1.4 Bestaande maatregelen van de EU op het gebied van buitenlands
beleid, ontwikkeling en andere beleidsterreinen Er is een
allesomvattende strategie nodig om het verband tussen grondstofwinning en
conflicten te doorbreken en de grondoorzaken van het probleem (conflicten, een
zwak bestuur en een gebrek aan ontwikkeling) aan te pakken. De bestrijding van
deze problemen maakt deel uit van het buitenlands beleid van de EU en vormt de
specifieke doelstelling van de EU-strategie ter ondersteuning van
ontwikkelingslanden in hun strijd tegen armoede (zie de mededeling uit 2011
"Een agenda voor verandering"[20]).
De agenda hecht veel belang aan zowel goed bestuur en mensenrechten als inclusieve
economische groei. De agenda pleit voor gezamenlijke werkzaamheden niet alleen
met de ontwikkelingspartners van de EU (d.w.z. de regeringen van de
ontwikkelingslanden) maar ook met de particuliere sector en internationale
organisaties zoals de VN. Bij de uitvoering van de agenda schenkt de EU
bijzondere aandacht aan de rol van de civiele samenleving, een grotere inbreng
van de plaatselijke gemeenschappen en een transparante en geloofwaardige
besluitvorming.
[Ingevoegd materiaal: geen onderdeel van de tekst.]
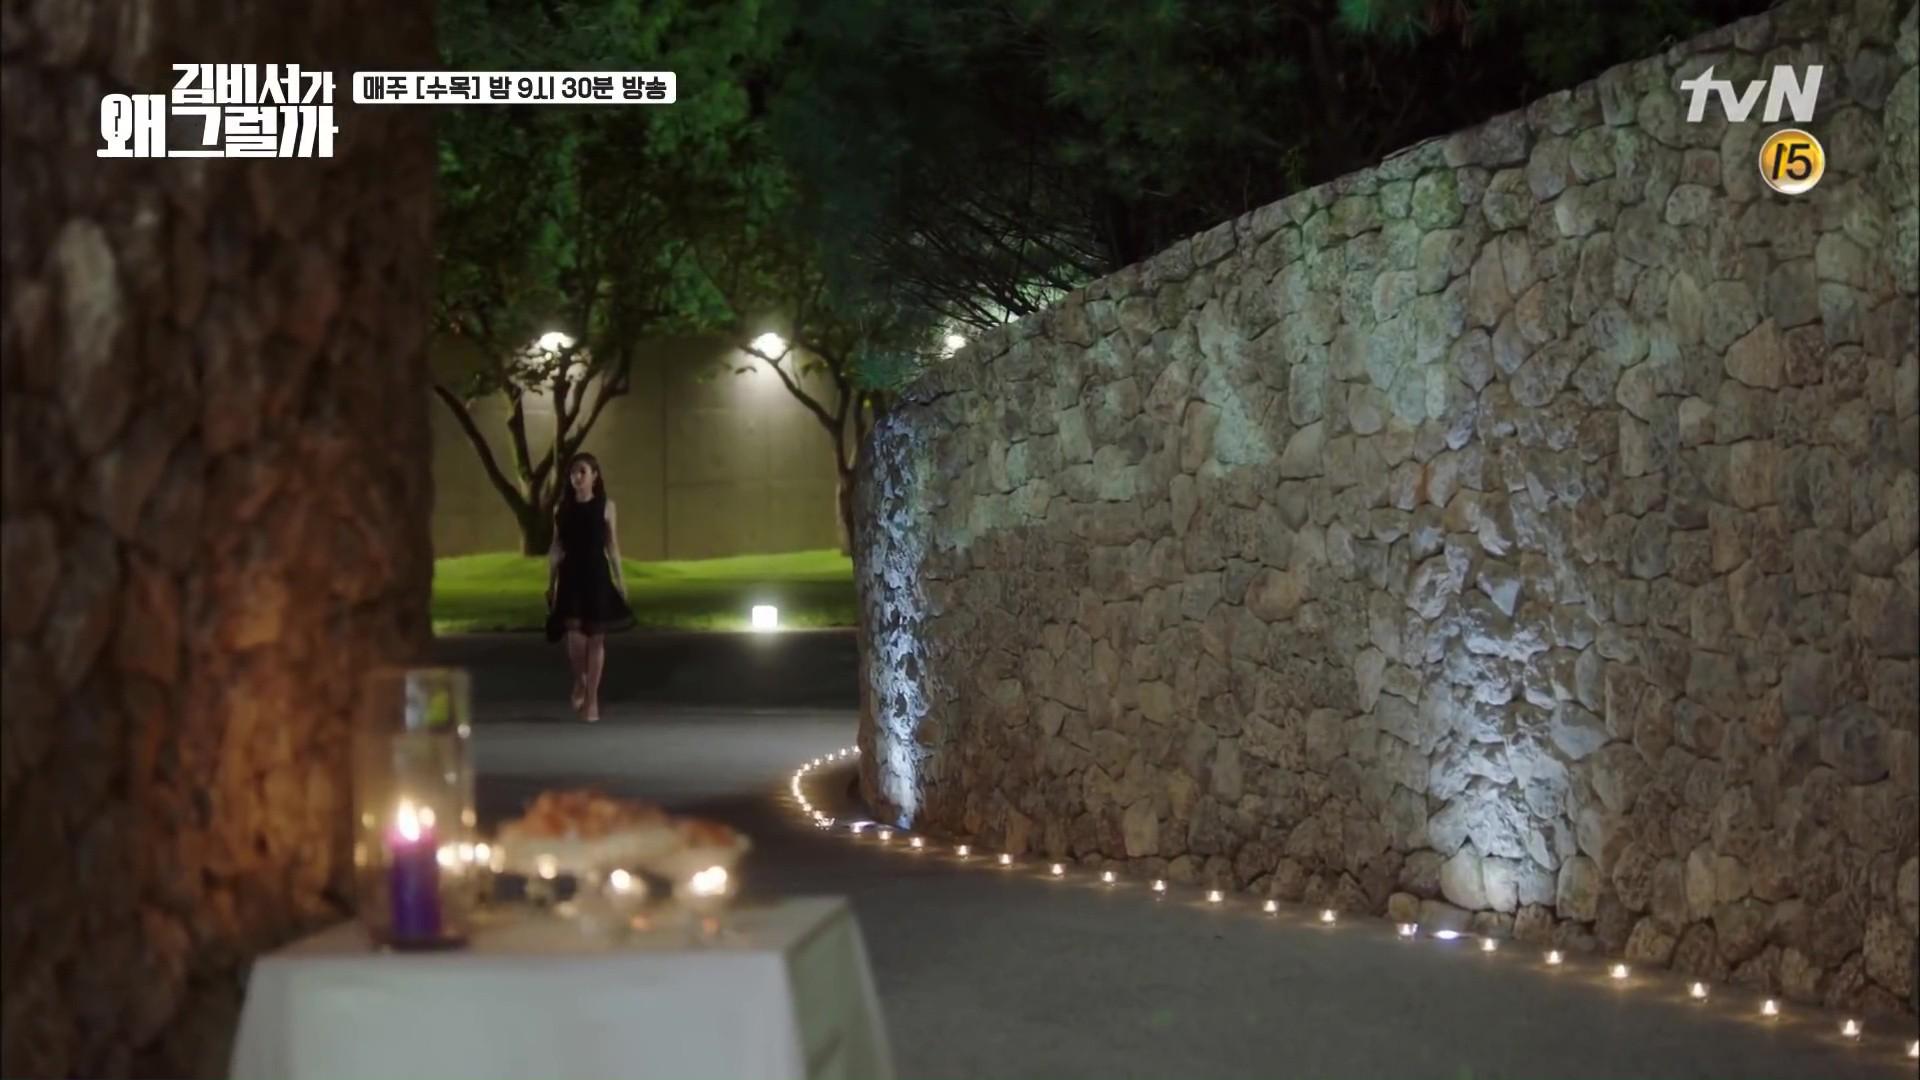 Thư ký Kim sao thế tập 15: Park Seo Joon đầu tư cầu hôn công phu nhưng lại bị Park Min Young từ chối
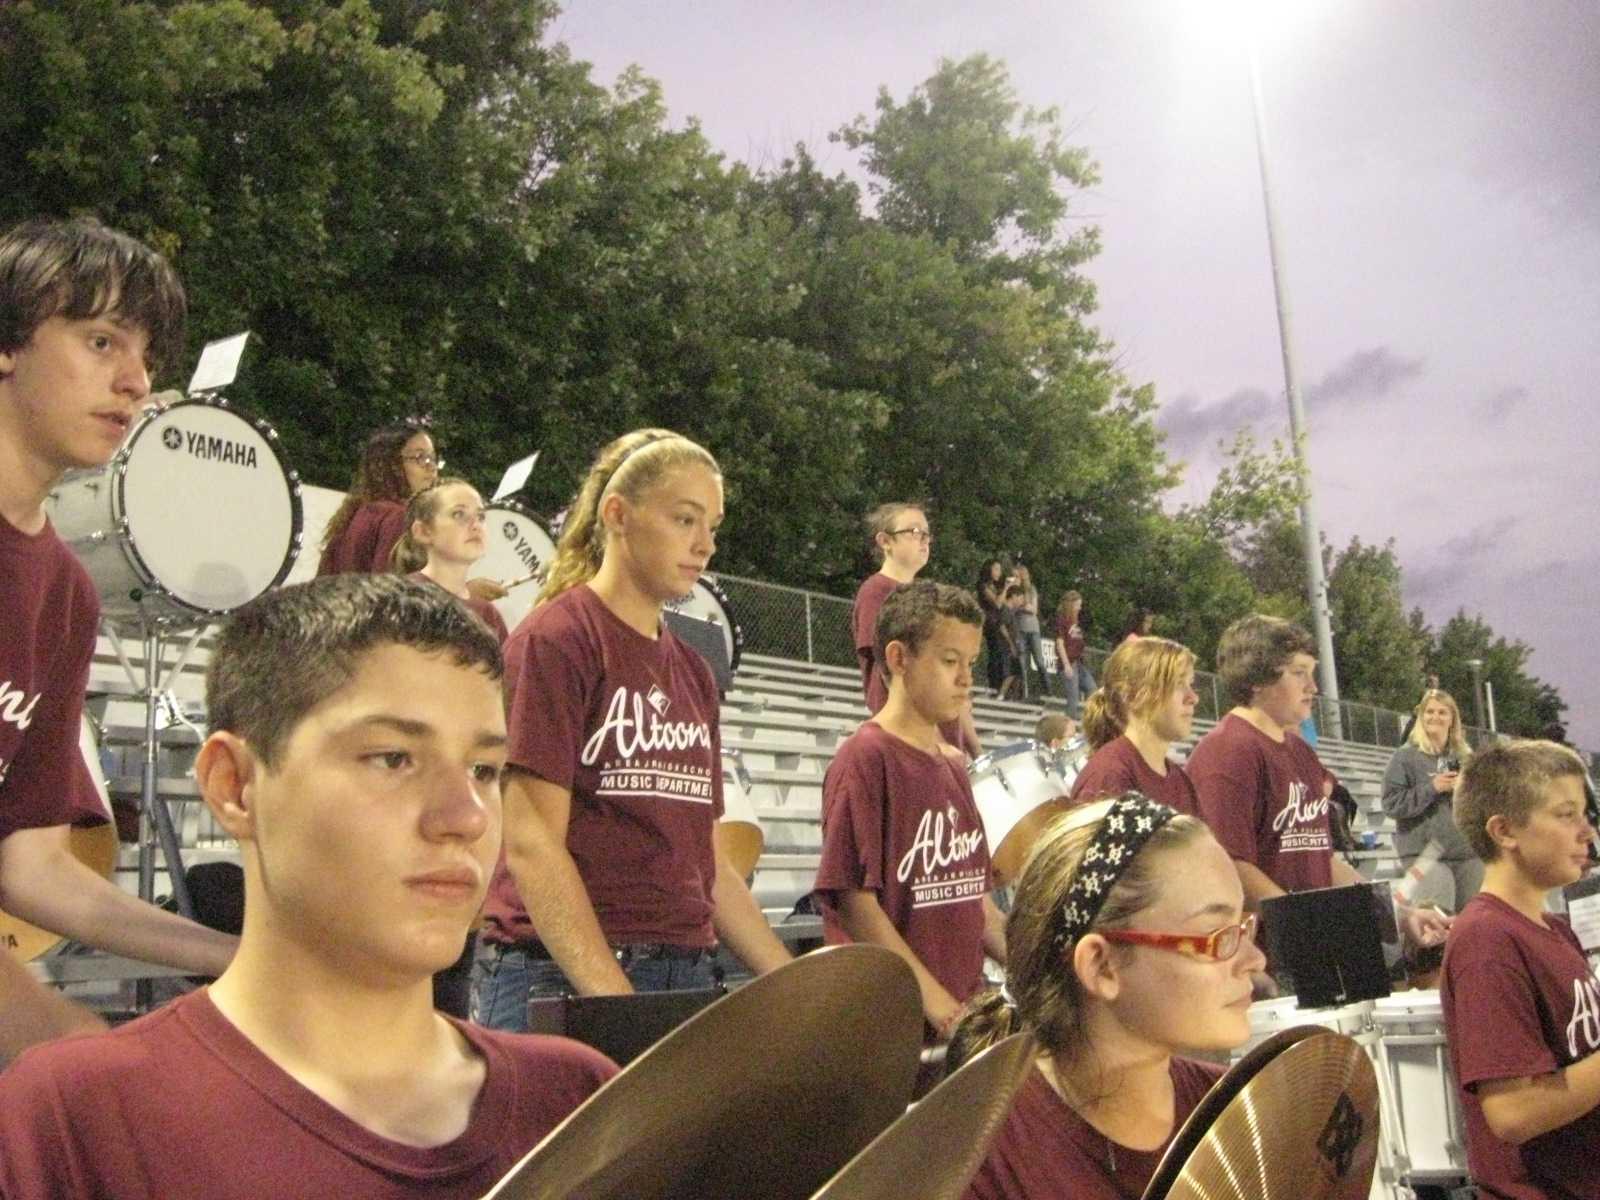 Drummers rock!

Een ander relevant
initiatief is het EU-UN Partnership on Land, Natural Resources and Conflict
Prevention uit 2008[21],
dat door de EU via het stabiliteitsinstrument wordt gesteund en gezamenlijke
bijstand aan derde landen verleent om conflicten rond natuurlijke rijkdommen te
voorkomen en aan te pakken. Via dit partnerschap bevordert de EU een
gemeenschappelijk optreden van de verschillende VN-organisaties overeenkomstig
het verslag "Peacebuilding in the Aftermath of Conflict"
(2012) van de secretaris-generaal van de VN. De EU beschikt over
een coherente en geïntegreerde strategie inzake de toegang tot grondstoffen
voor de Europese Unie. Het grondstoffeninitiatief[22] en het Europese
innovatiepartnerschap inzake grondstoffen[23]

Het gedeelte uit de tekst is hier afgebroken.